• **Records shown**
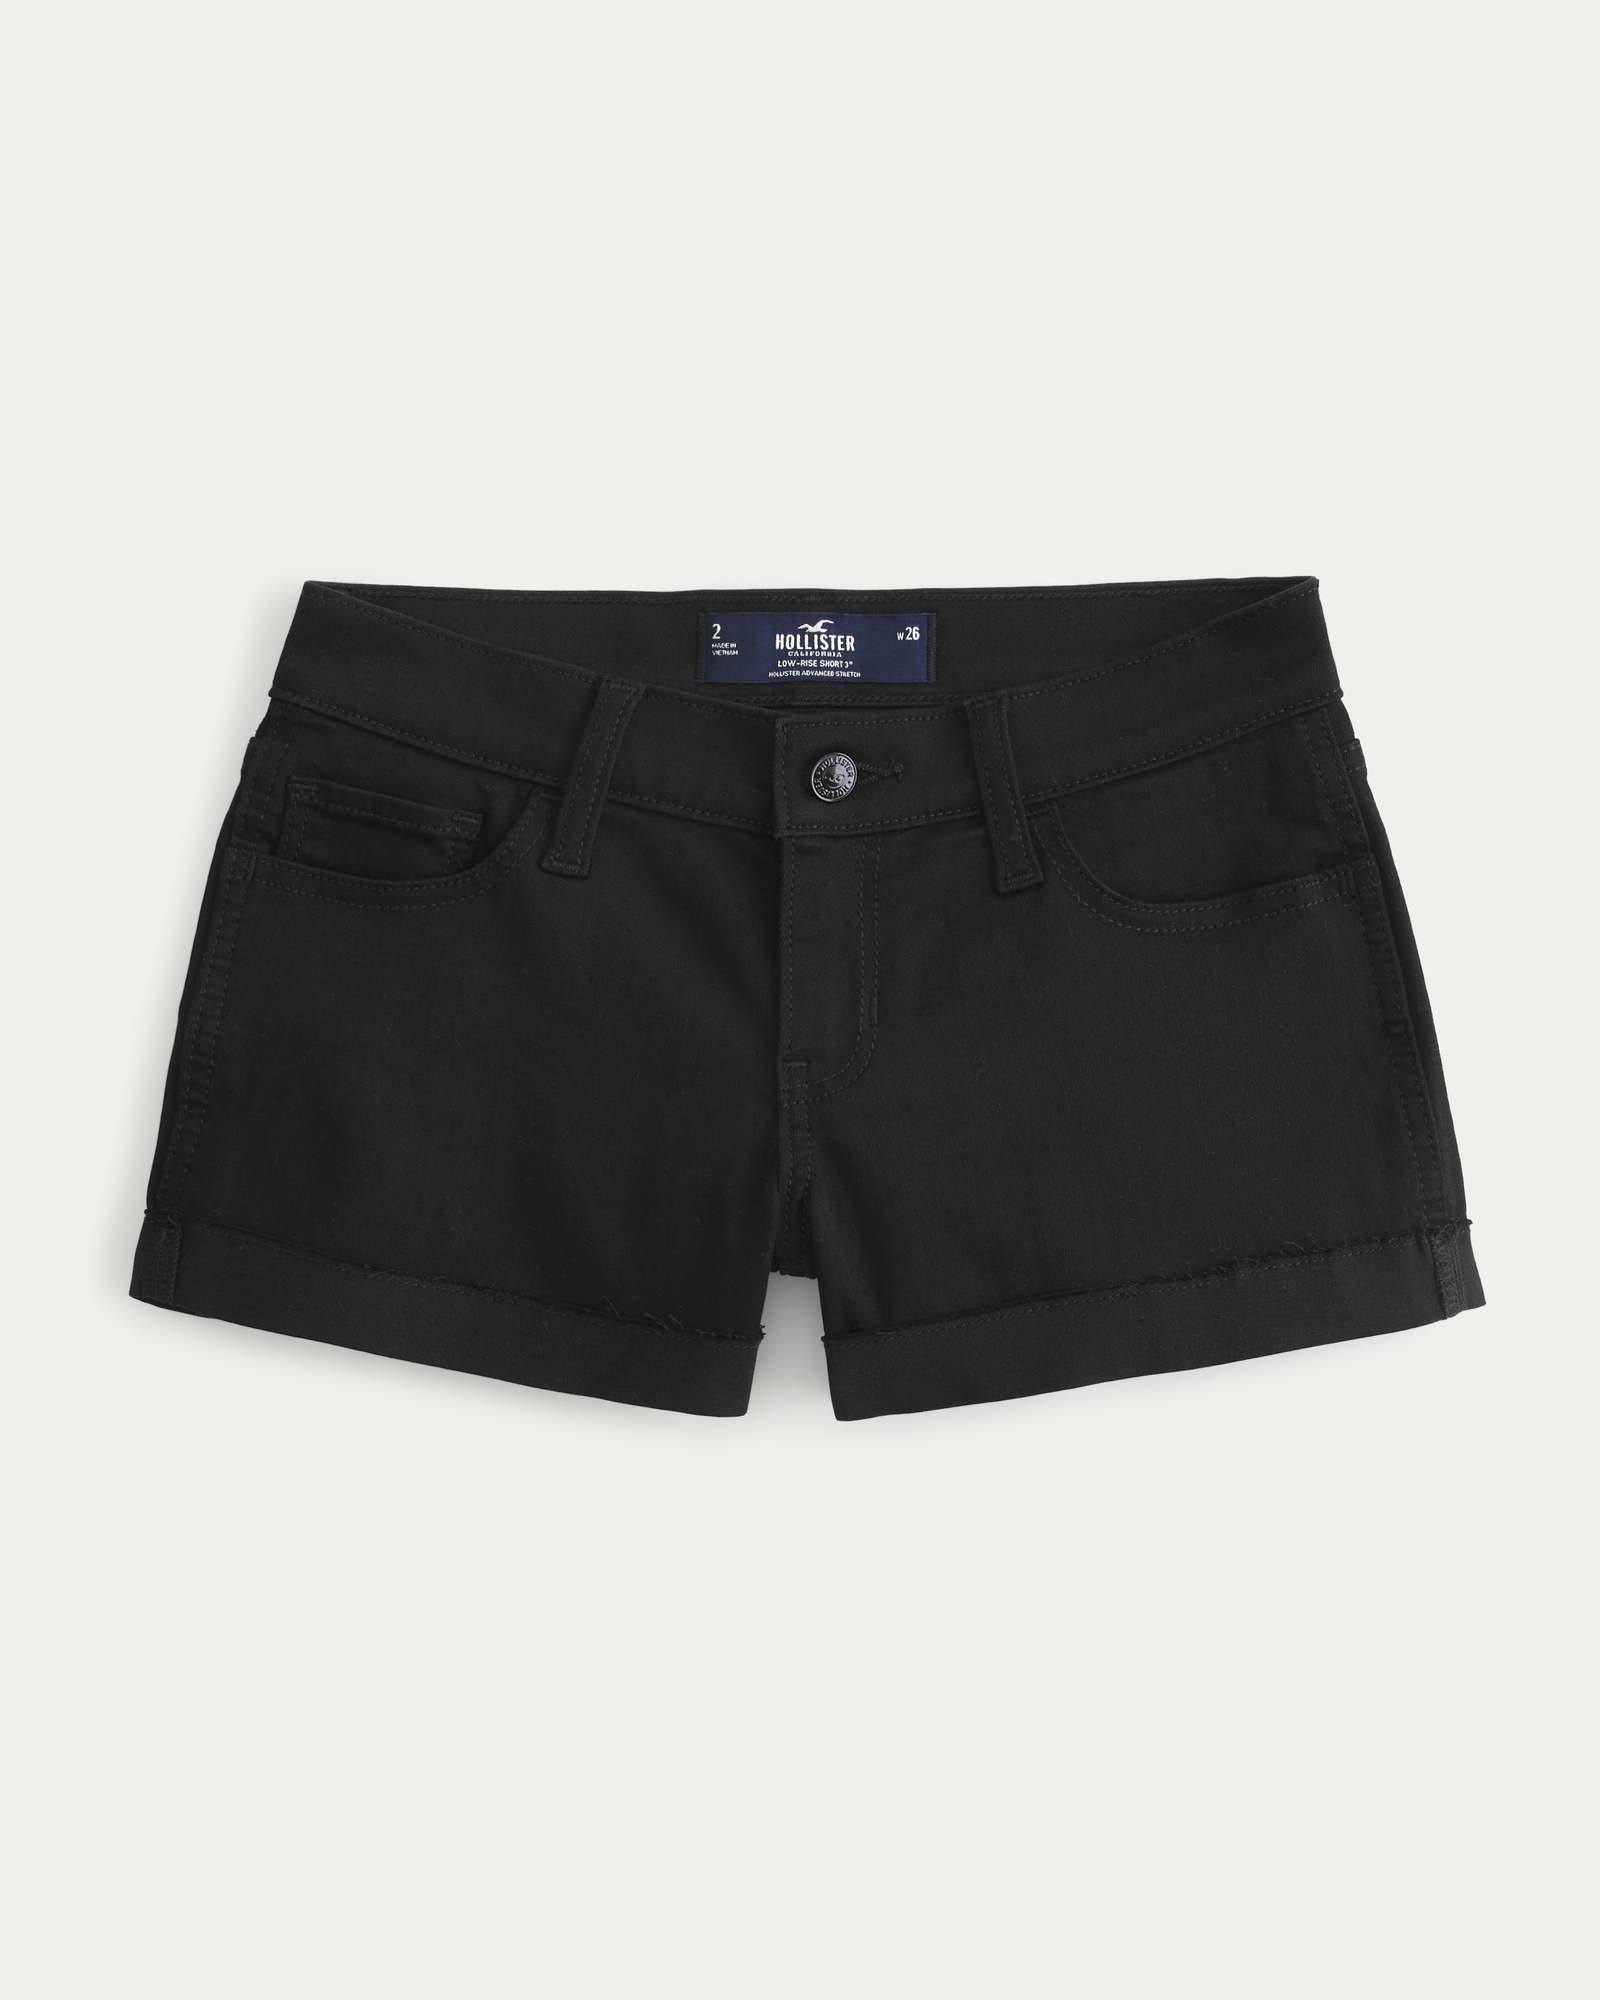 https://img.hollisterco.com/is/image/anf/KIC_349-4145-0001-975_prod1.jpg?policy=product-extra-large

--

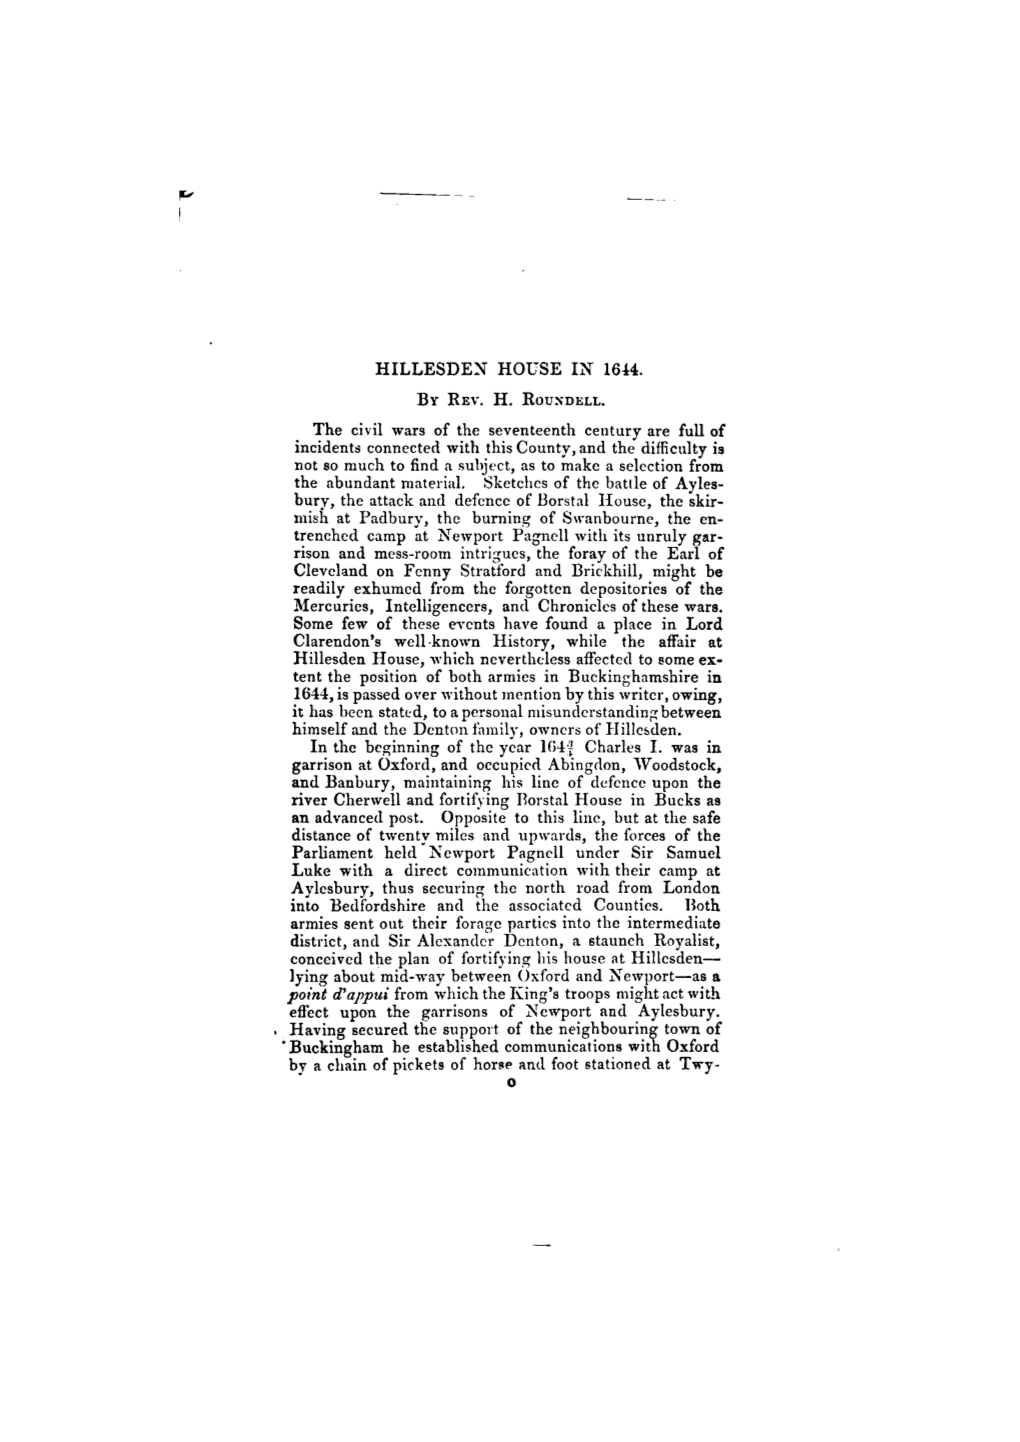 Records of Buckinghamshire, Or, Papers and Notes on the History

---

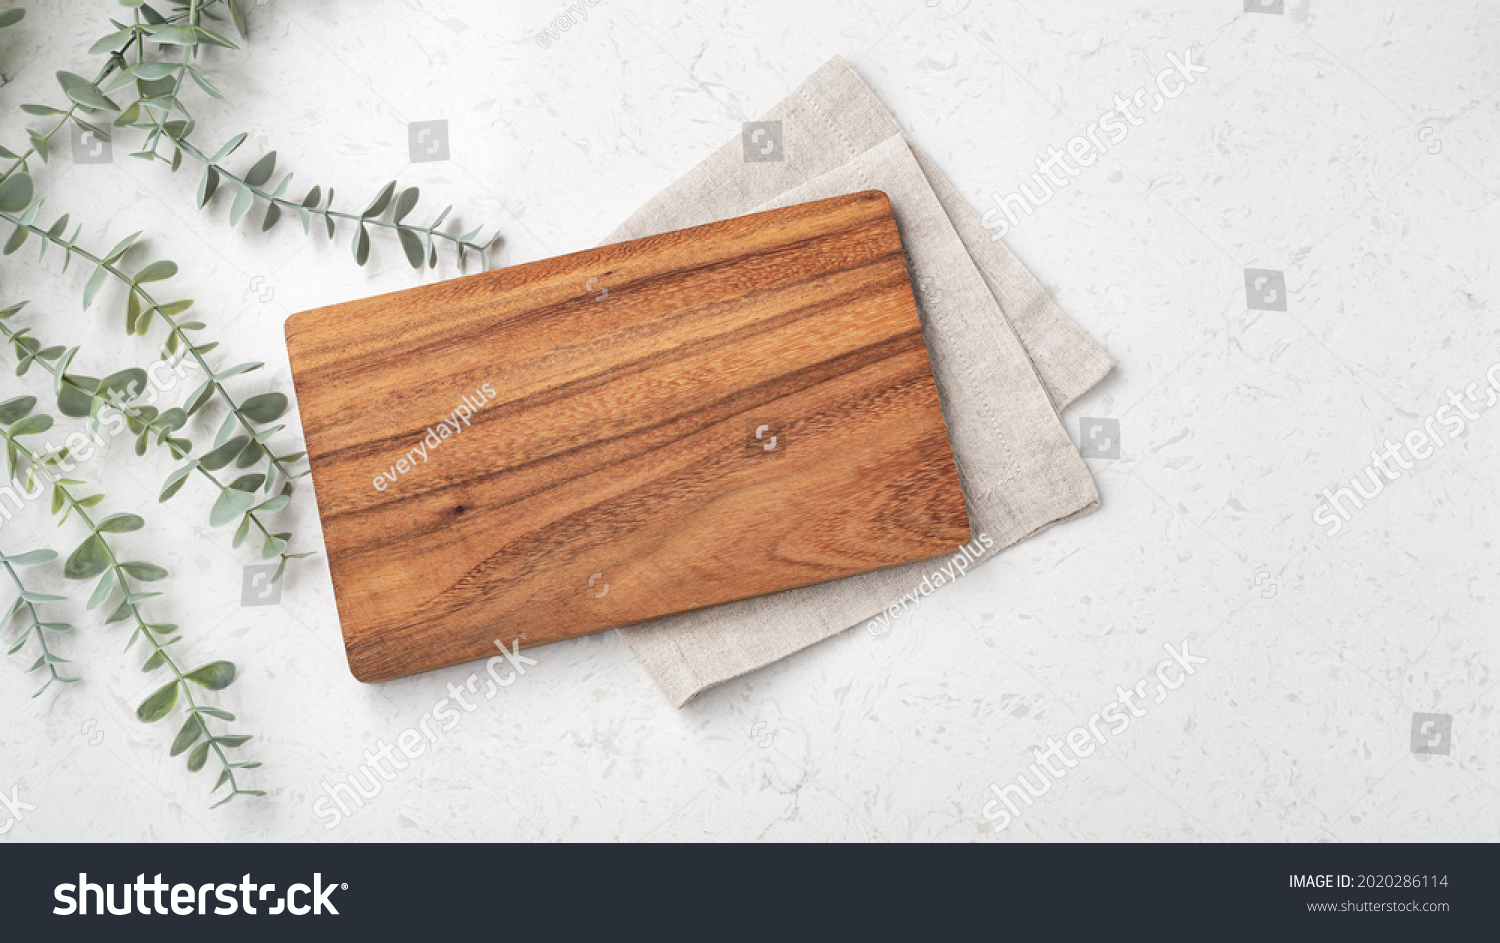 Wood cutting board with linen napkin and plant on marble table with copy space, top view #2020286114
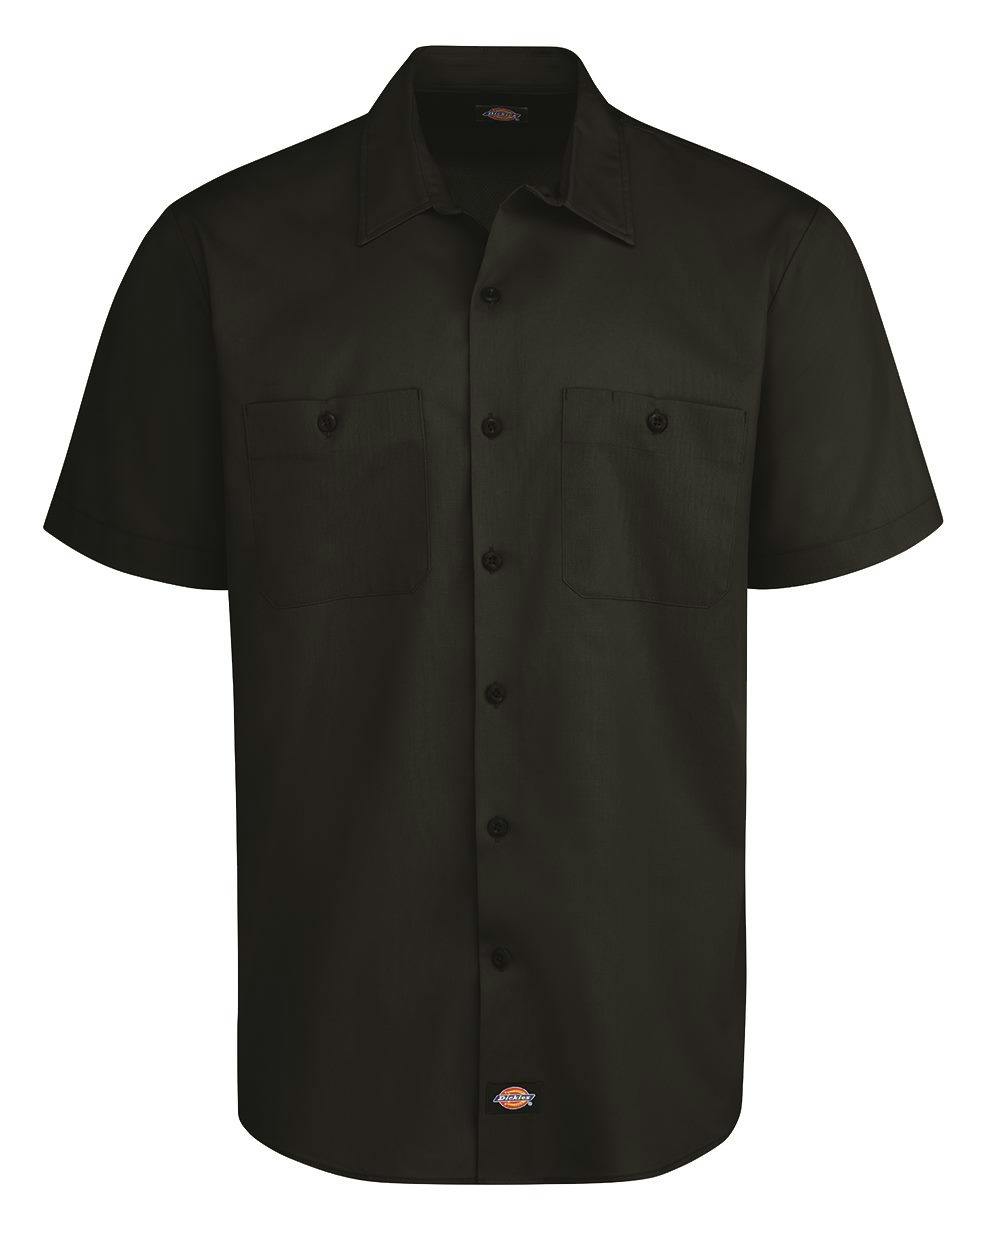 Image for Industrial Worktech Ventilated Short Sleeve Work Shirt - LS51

• **The problem**
Text only, no pictures: please print exactly the lines above from the line with "Wood cutting board" up to and including the line with "Image for Industrial", and nothing else.

• **Exercise solution**
 Wood cutting board with linen napkin and plant on marble table with copy space, top view #2020286114
 Image for Industrial Worktech Ventilated Short Sleeve Work Shirt - LS51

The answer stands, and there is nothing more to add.